## Task directions
Go through the listing and set it down exactly, leaving out its pictures.

╭─ Provided material

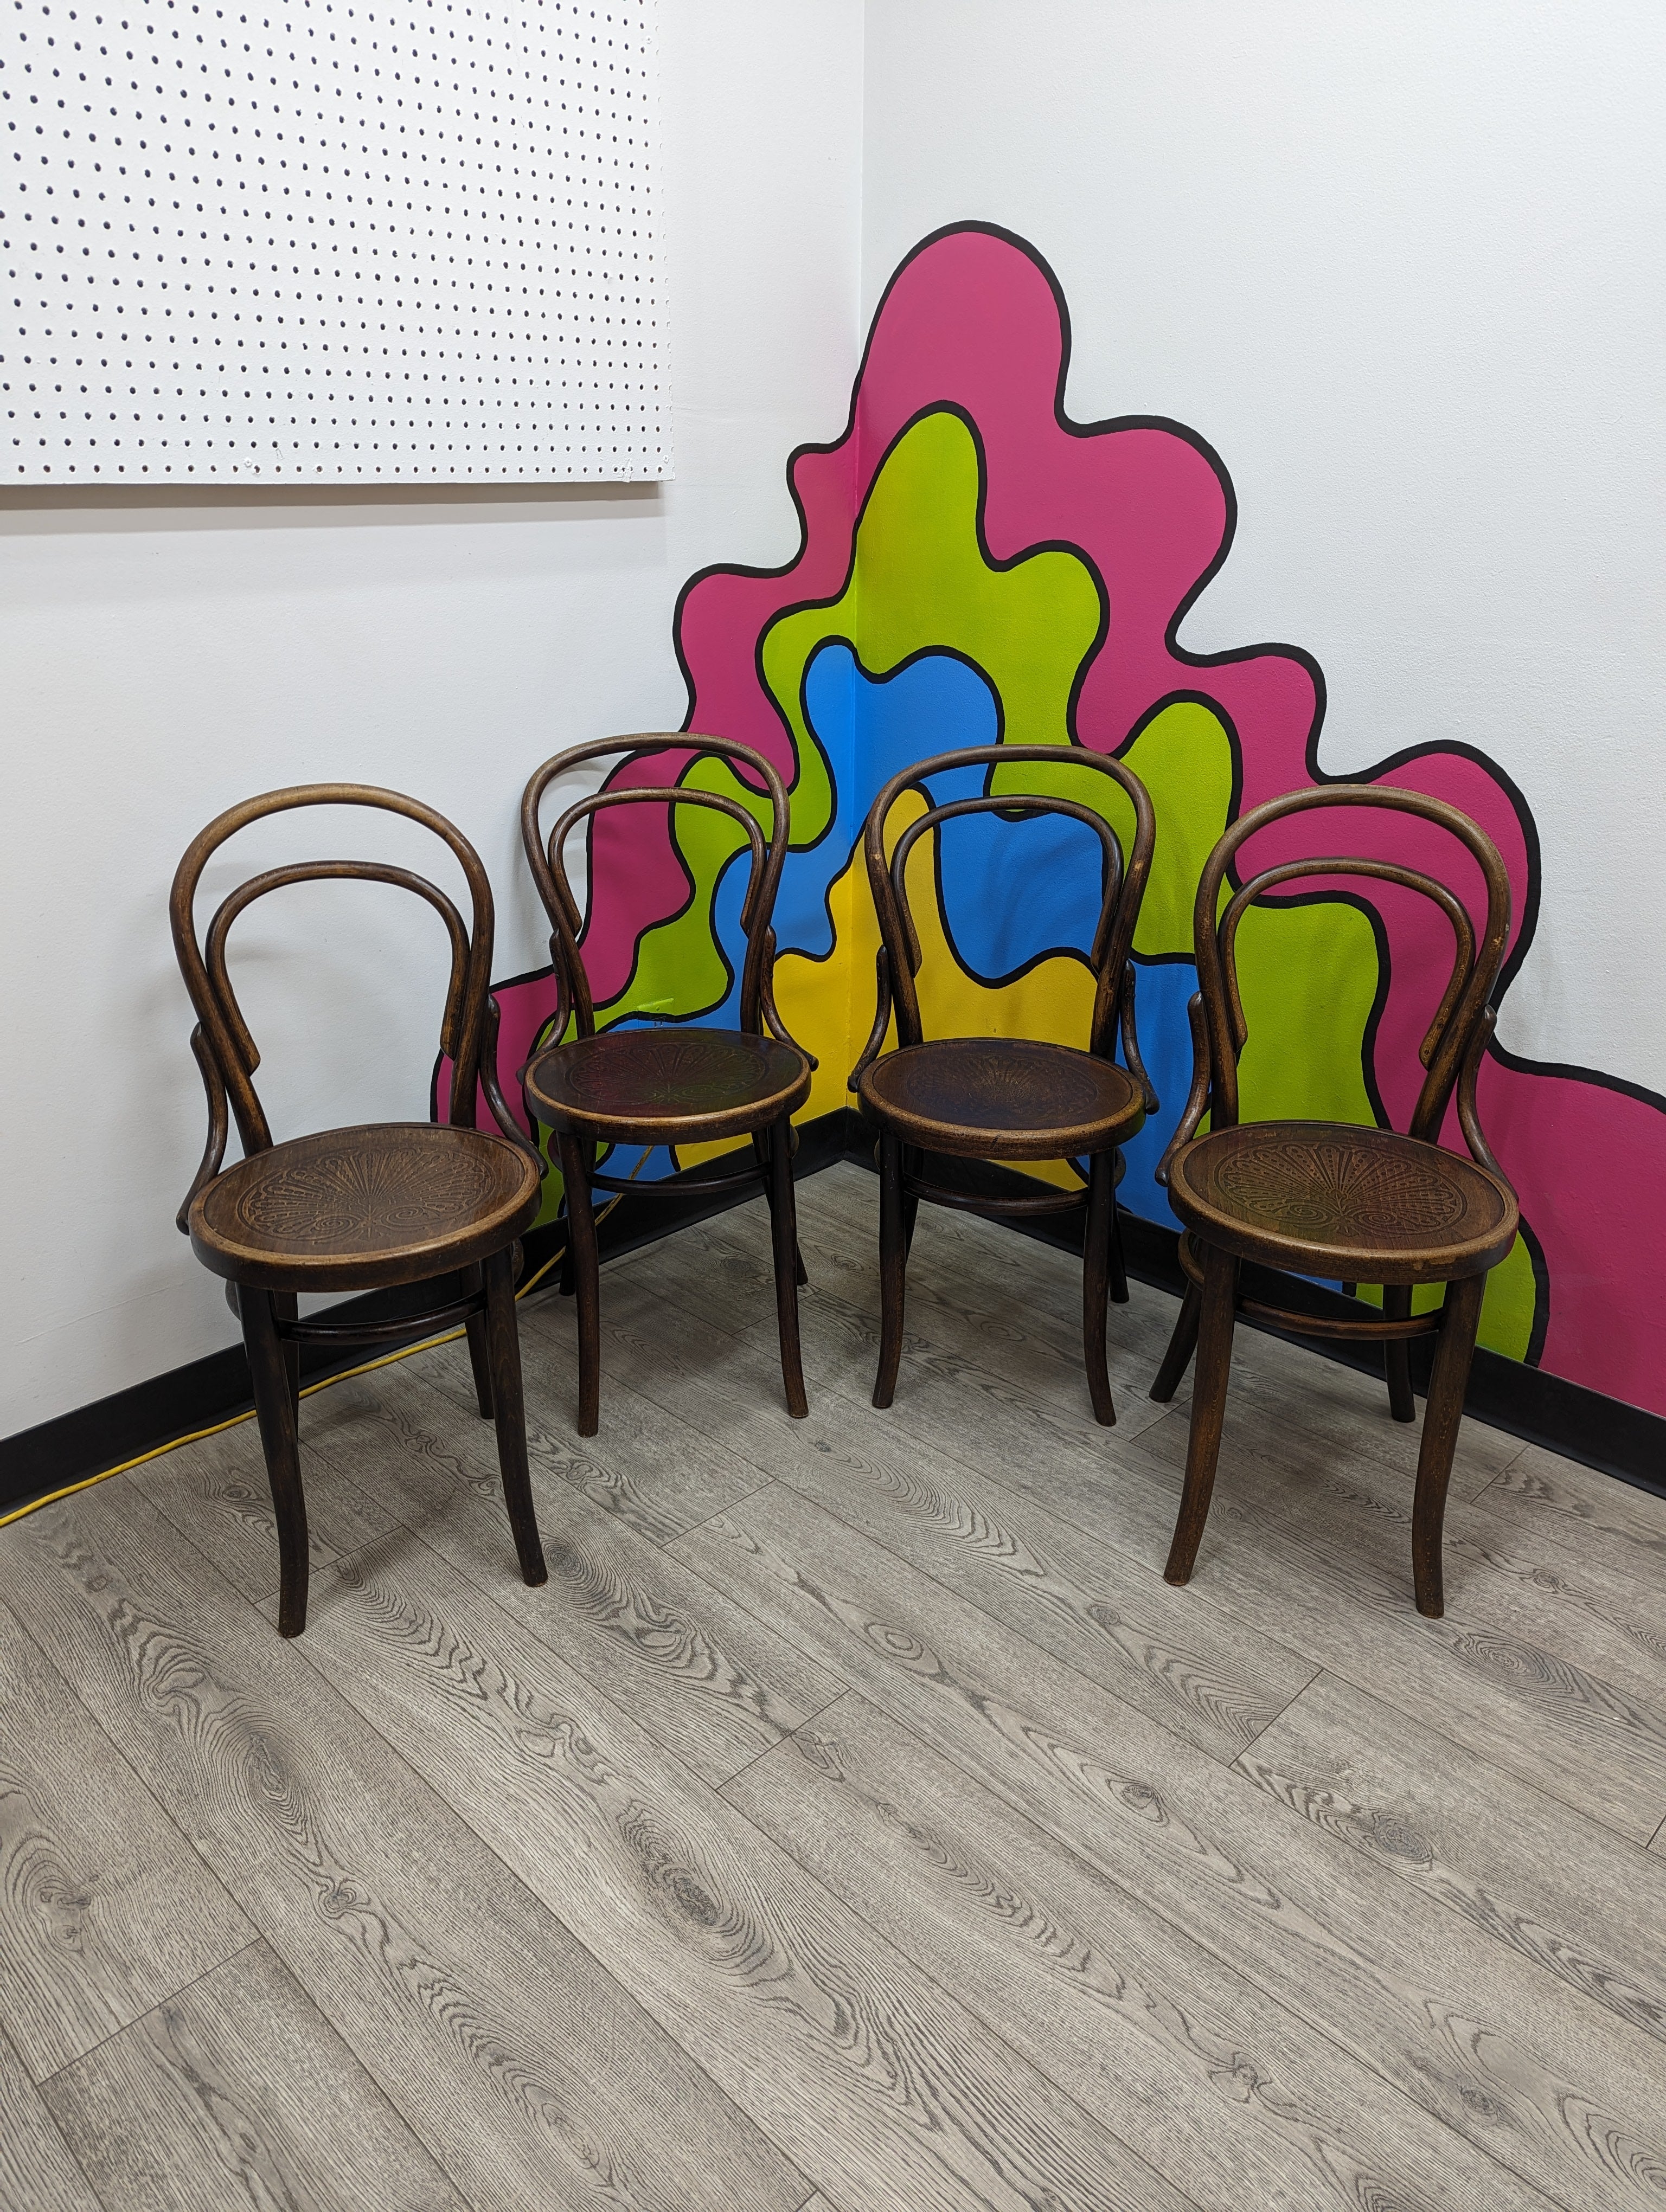 (4) Thonet "Chair 14" Design Chairs
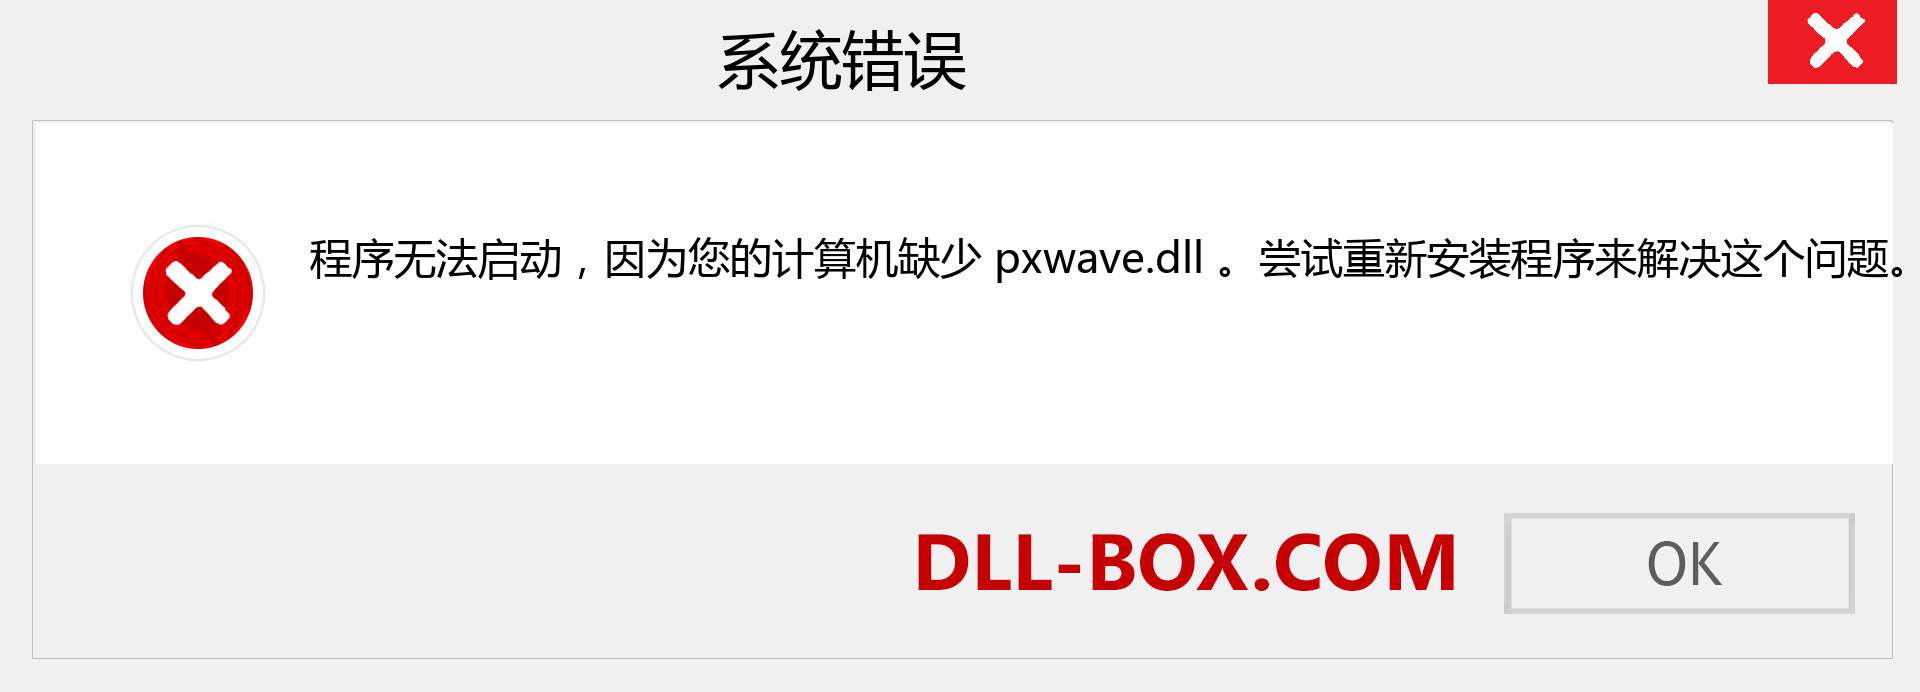 pxwave.dll 文件丢失？。 适用于 Windows 7、8、10 的下载 - 修复 Windows、照片、图像上的 pxwave dll 丢失错误
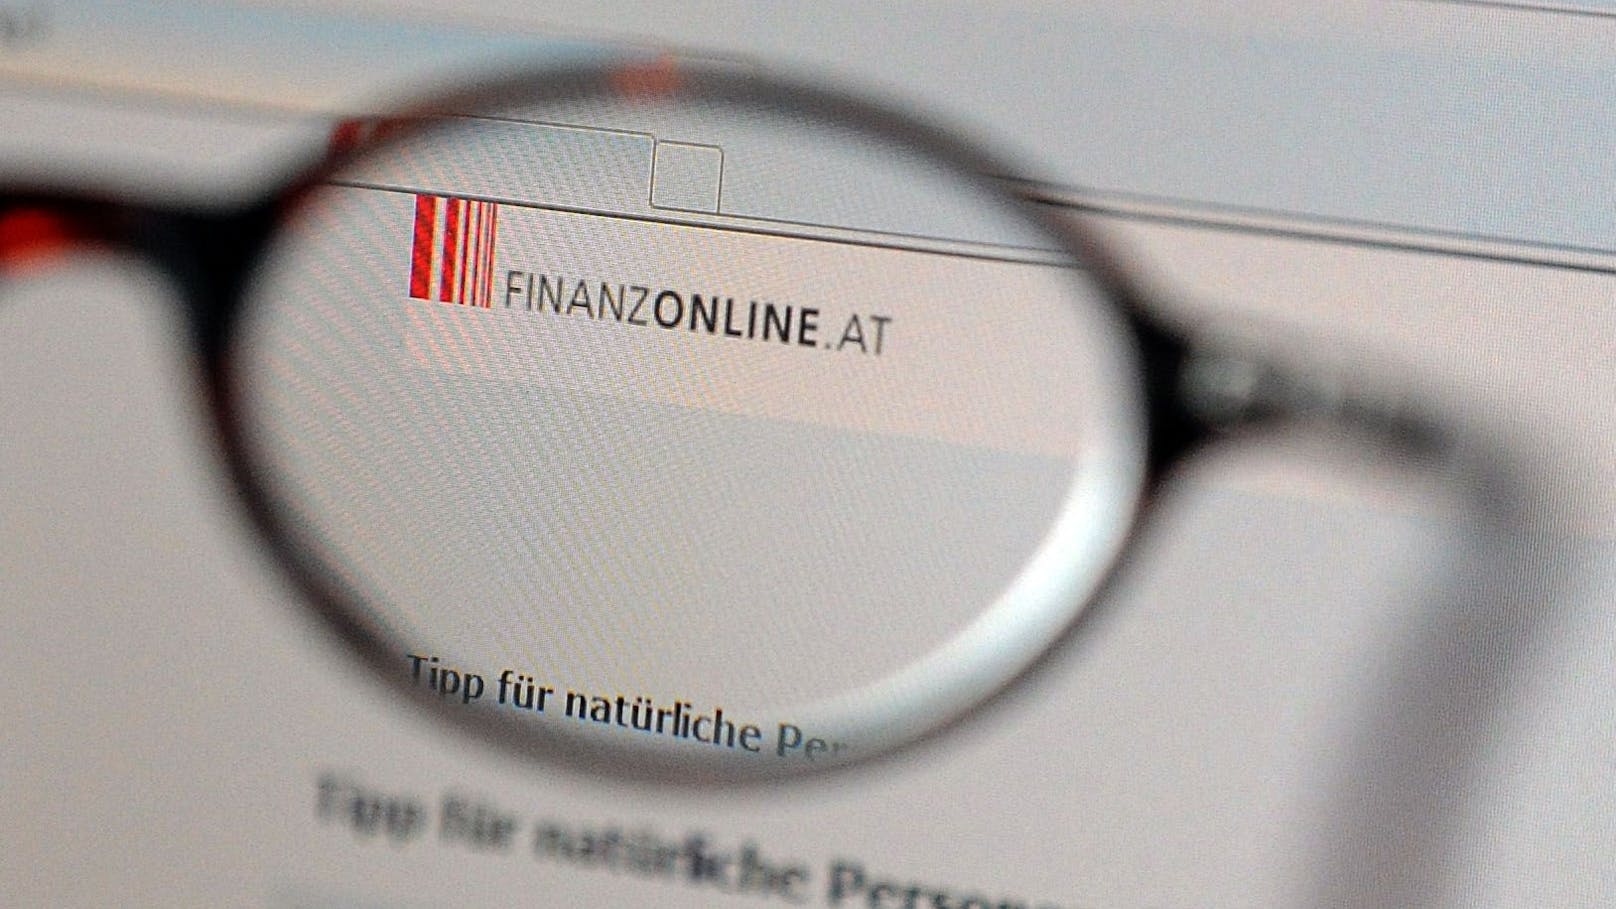 SMS von "Finanz Online" – dann sind Tausende Euro weg
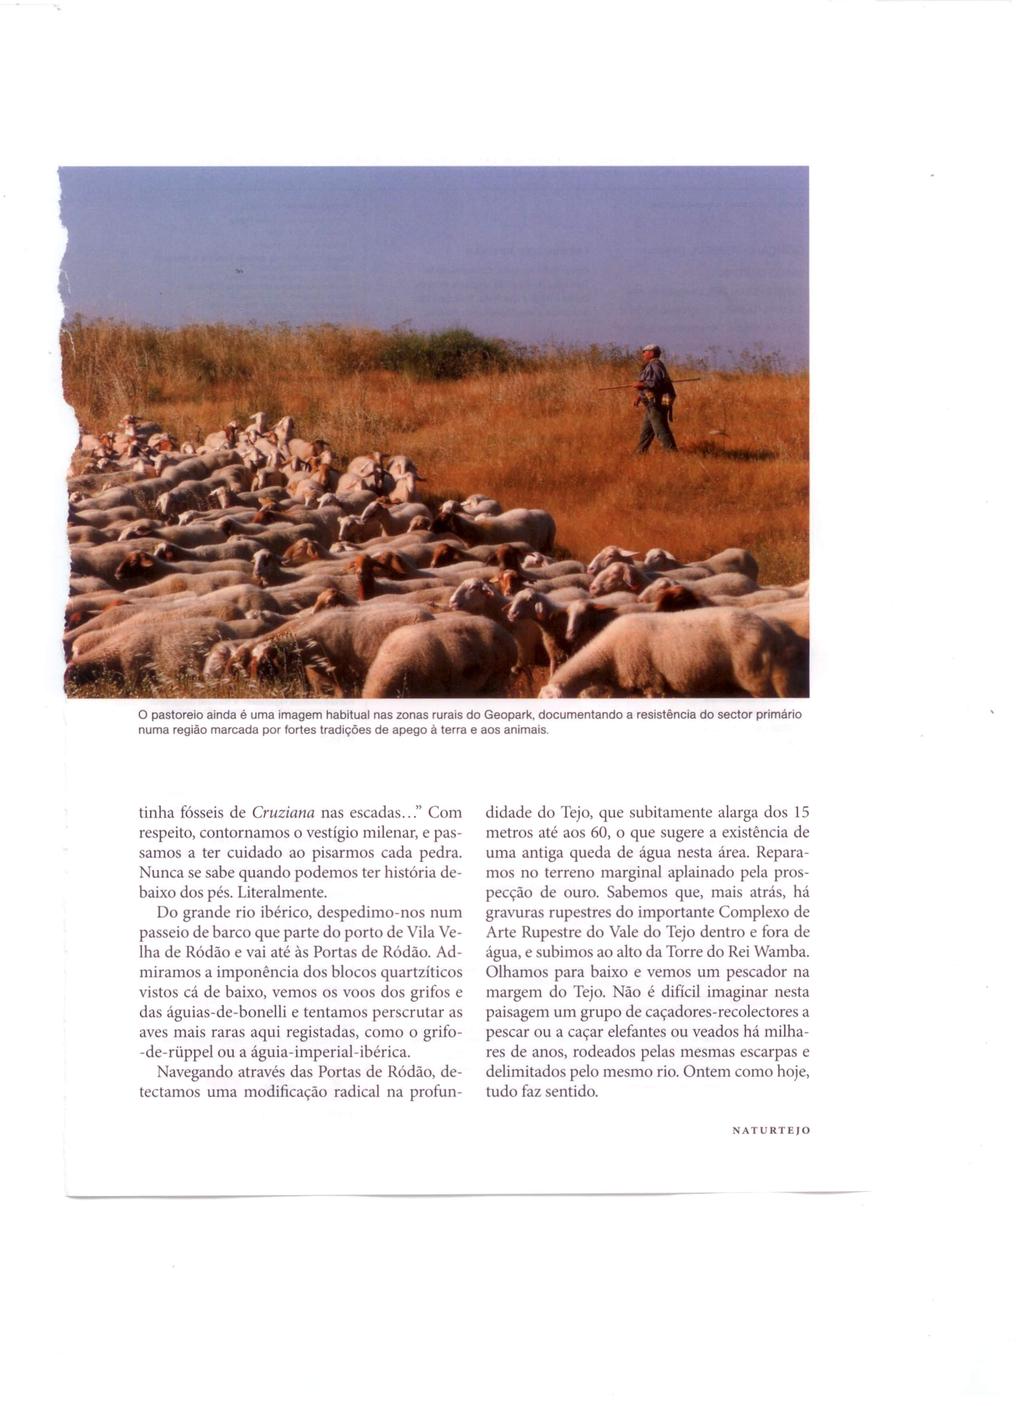 o pastoreio ainda é uma imagem habitual nas zonas rurais do Geopark, documentando numa região marcada por fortes tradições de apego à terra e aos animais.

╰─

## Your response
 (4) Thonet "Chair 14" Design Chairs
 pxwave.dll 文件丢失？。 适用于 Windows 7、8、10 的下载 - 修复 Windows、照片、图像上的 pxwave dll 丢失错误
 SMS von "Finanz Online" – dann sind Tausende Euro weg
 o pastoreio ainda é uma imagem habitual nas zonas rurais do Geopark, documentando numa região marcada por fortes tradições de apego à terra e aos animais.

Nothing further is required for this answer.